**Exercise objective:** Within the listing below, give again exactly the lines between the one containing "Windlicht Violinschlüssel Notenschlüssel" and the one containing "經yuu 旅遊預訂旅程用enJoy 卡簽賬每HK$1=額外1分", inclusive, pictures left aside.

**Records to process:**
· · · · ·

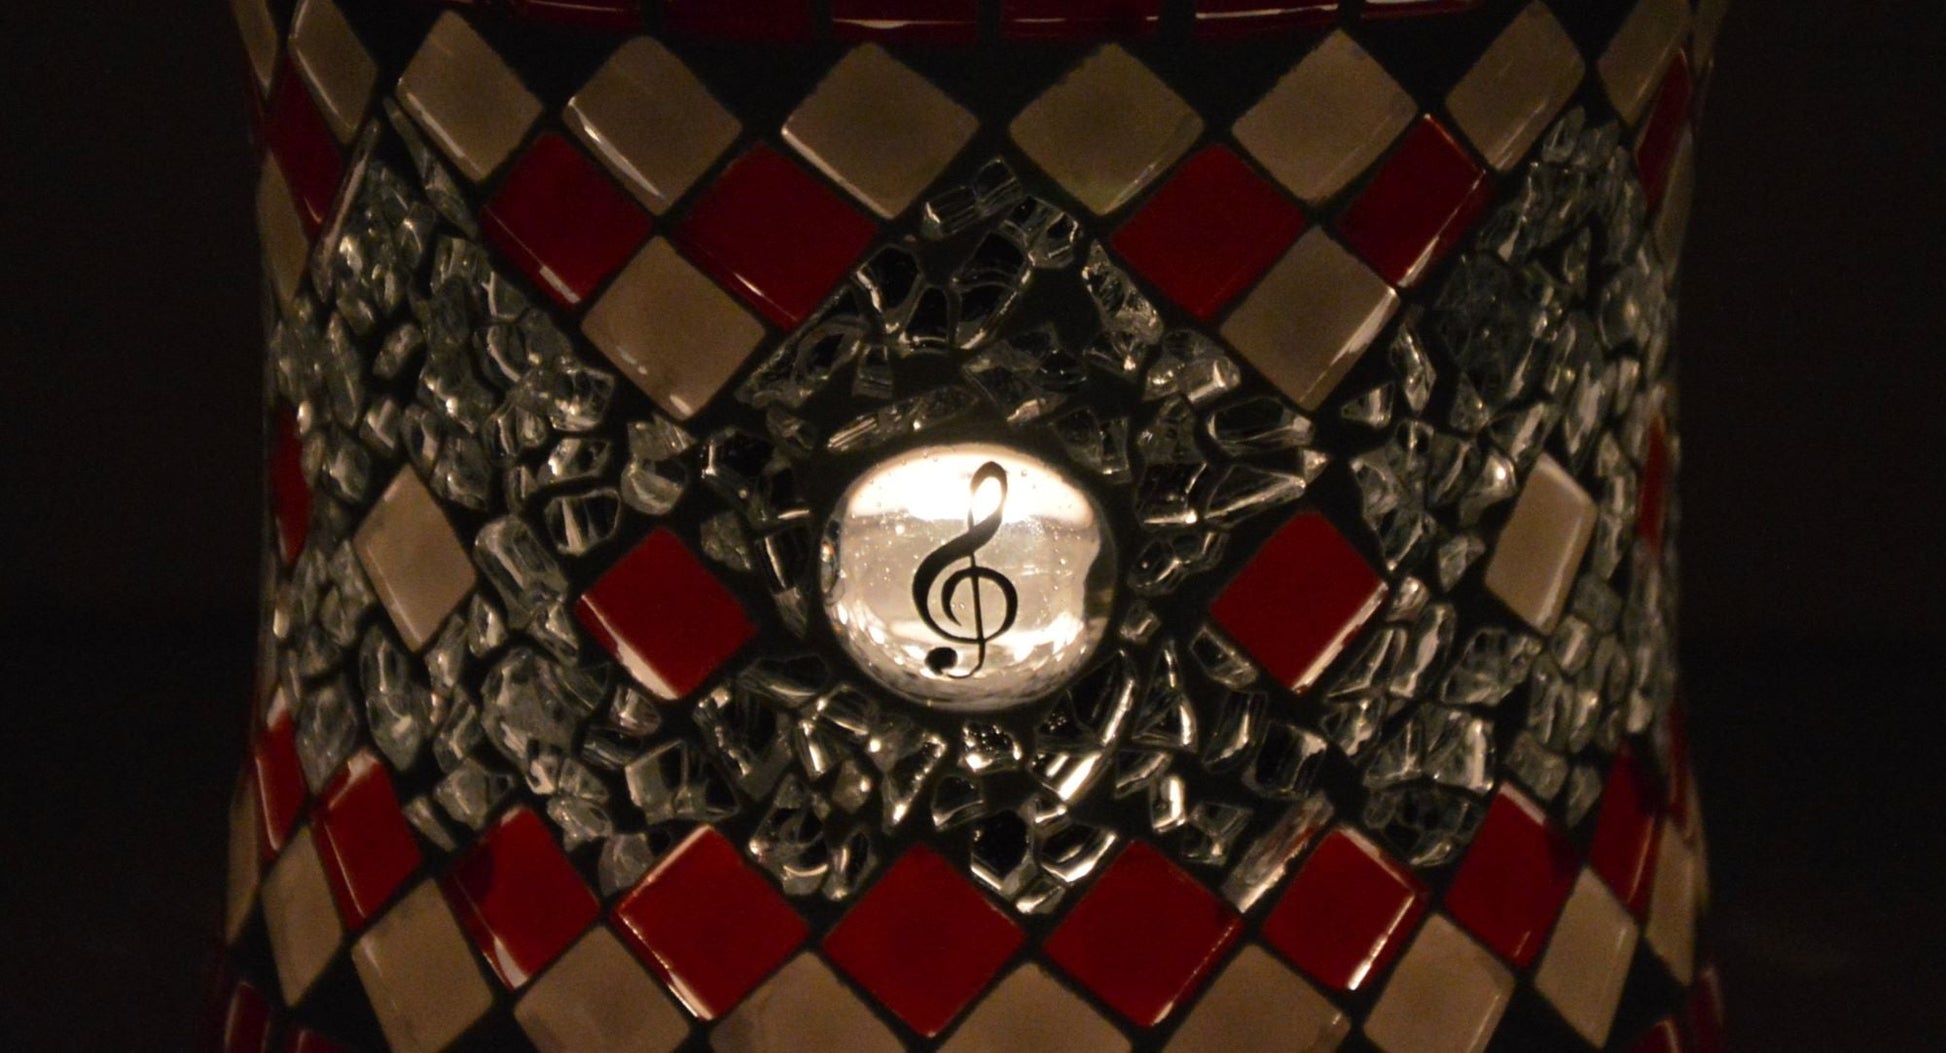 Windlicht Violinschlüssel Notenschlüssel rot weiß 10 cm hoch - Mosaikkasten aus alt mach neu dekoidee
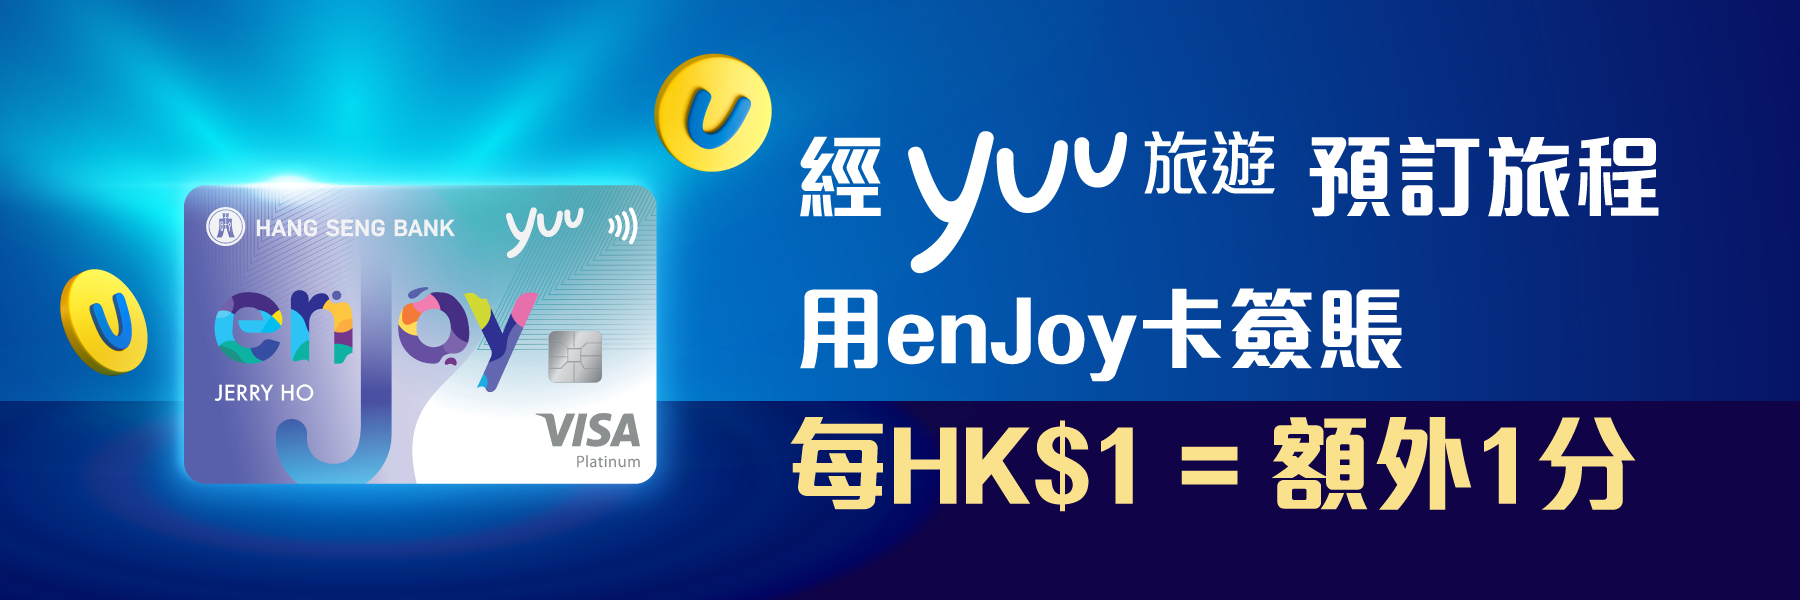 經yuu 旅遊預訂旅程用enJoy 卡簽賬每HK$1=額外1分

· · · · ·

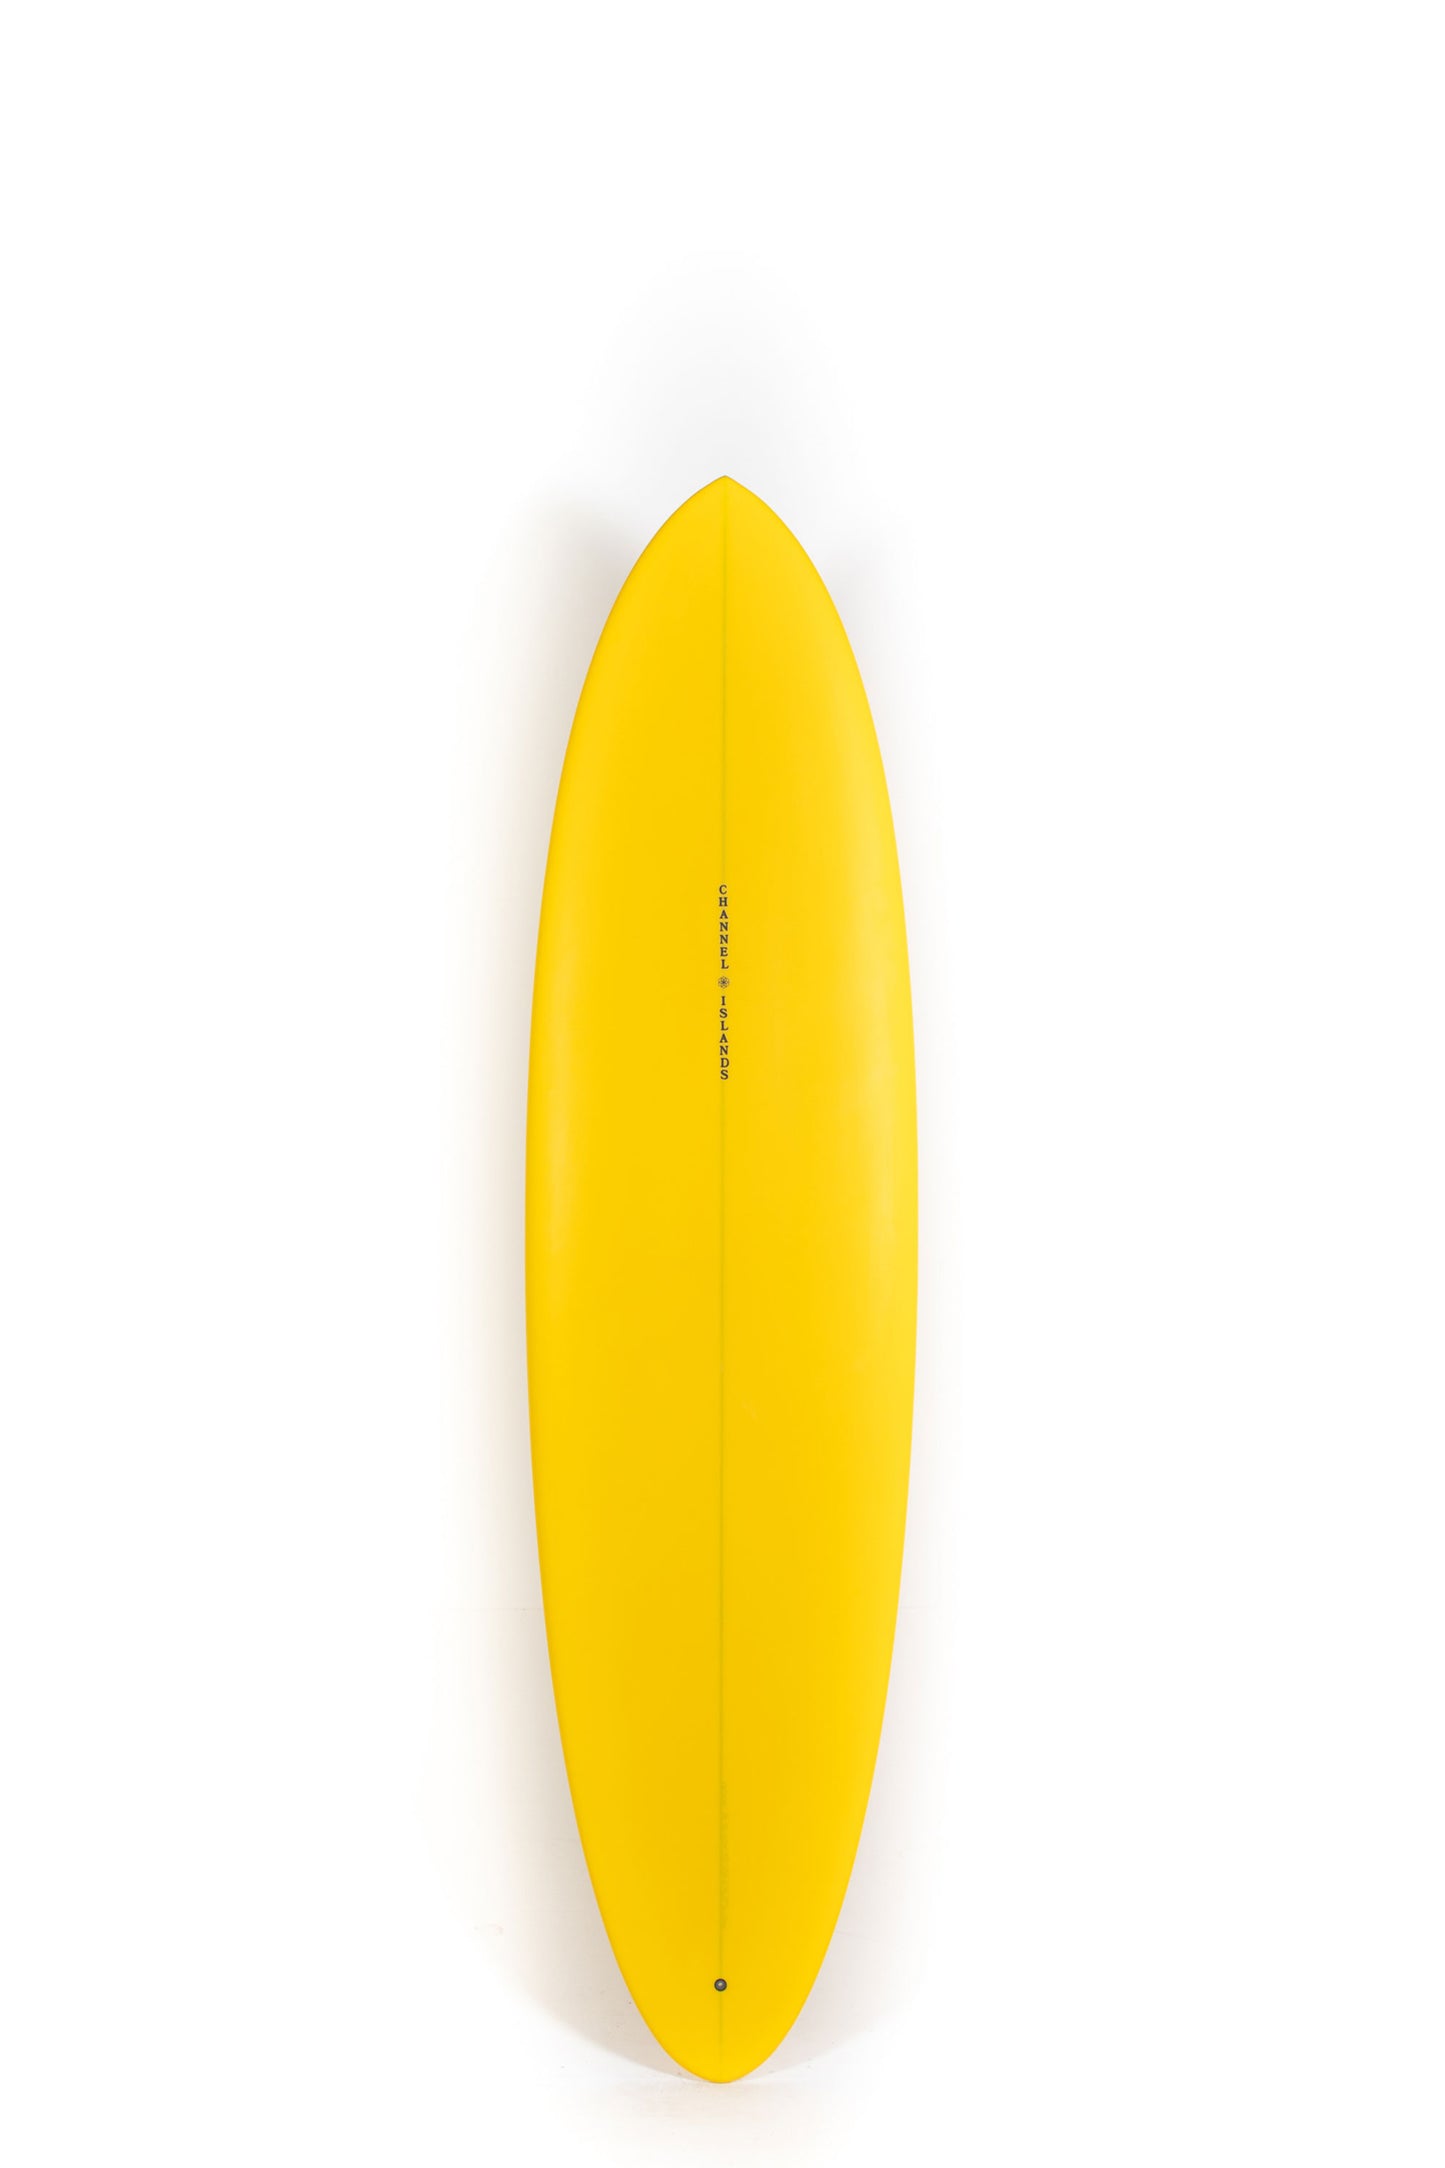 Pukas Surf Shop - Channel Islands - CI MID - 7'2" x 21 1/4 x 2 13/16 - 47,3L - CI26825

· · · · ·

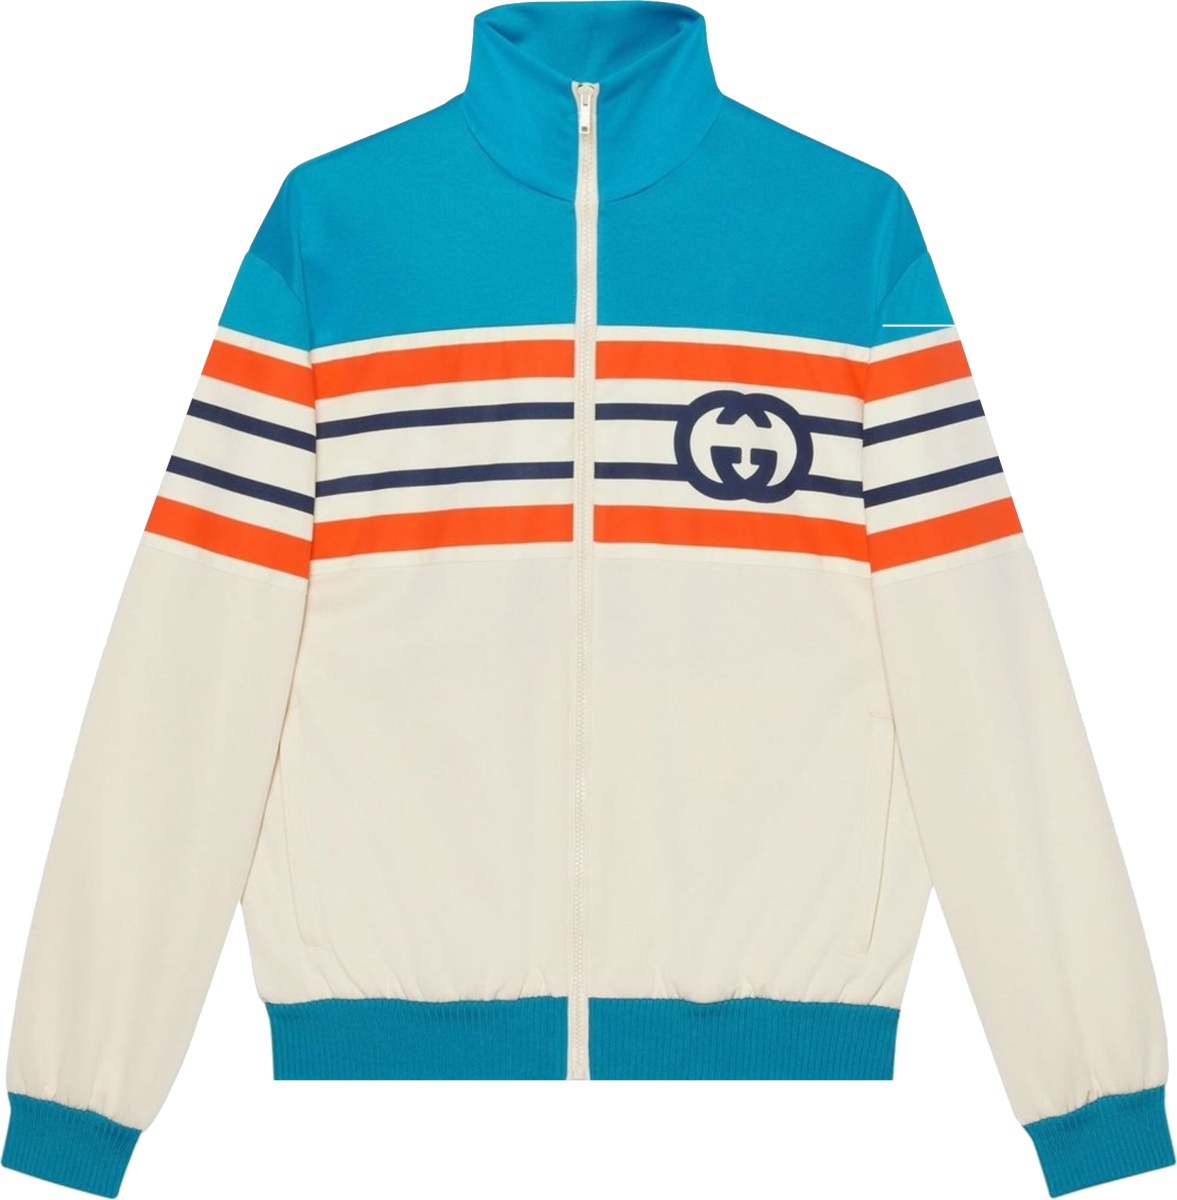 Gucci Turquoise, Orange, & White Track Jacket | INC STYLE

· · · · ·

**Answer space:**
 Windlicht Violinschlüssel Notenschlüssel rot weiß 10 cm hoch - Mosaikkasten aus alt mach neu dekoidee
 經yuu 旅遊預訂旅程用enJoy 卡簽賬每HK$1=額外1分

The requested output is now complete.